The facial expression recognition means for each of the plurality of facial expression categories based on the time expansion / contraction time series data generated for each of the plurality of facial expression categories and the early classifier for each of the plurality of facial expression categories. The facial expression recognition apparatus according to claim 1, wherein a score indicating a degree of the facial expression category is calculated, and the facial expression category of the person's face is recognized based on the score.

The face feature amount is a vector indicating a difference between each coordinate of the attention point set of the person's face and each coordinate of the attention point set of the face in the predetermined facial expression category. 4. The facial expression recognition device according to any one of 3 above.

5. The data acquisition unit according to claim 1, wherein the data acquisition unit acquires the time-series data including face feature values at a current time when the predetermined facial expression category is recognized at a previous time. The facial expression recognition apparatus described in the item.

The facial expression recognition apparatus according to claim 1, wherein the predetermined facial expression category is an expressionless expression.

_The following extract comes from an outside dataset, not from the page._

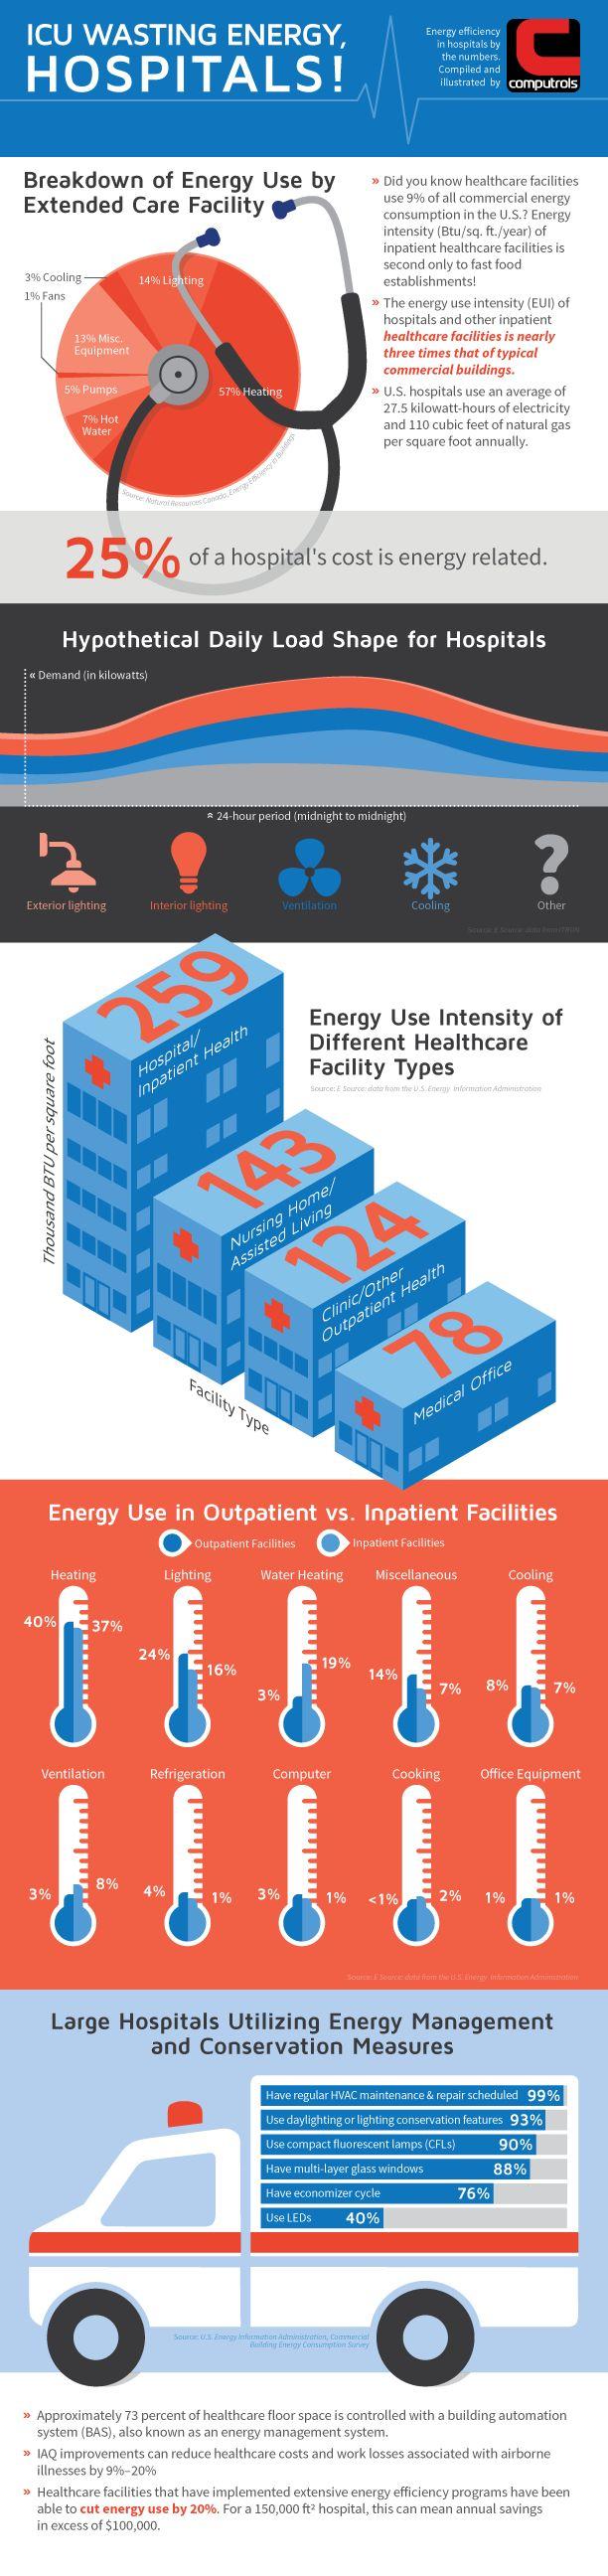 ICU Wasting Energy, Hospitals!

A facial expression recognition method for recognizing a facial expression category of a person's face based on time-series data of facial feature values obtained from a moving image obtained by imaging an area including a person's face,
Whether each facial expression category is the facial expression category based on the time-series data for reference when the facial expression learning means changes from the predetermined facial expression category obtained in advance to the facial expression category. Learning an early classifier for early identification;
Obtaining time series data of the facial feature amount indicating a change from the predetermined facial expression category obtained from the moving image by a data obtaining unit;
For each of the plurality of facial expression categories by the time expansion / contraction means, the face feature with respect to the time-series data for reference when the time-series data acquired by the data acquisition means is changed to the facial expression category. Generating time-stretched time-series data each stretched in the time direction so that a change in amount corresponds,
The facial expression category of the person's face is recognized based on the time expansion / contraction time-series data generated for each of the plurality of facial expression categories and the early classifier for each of the plurality of facial expression categories by the facial expression recognition means. And steps to
A facial expression recognition method comprising:

The program for functioning a computer as each means of the facial expression recognition apparatus of any one of Claims 1-6.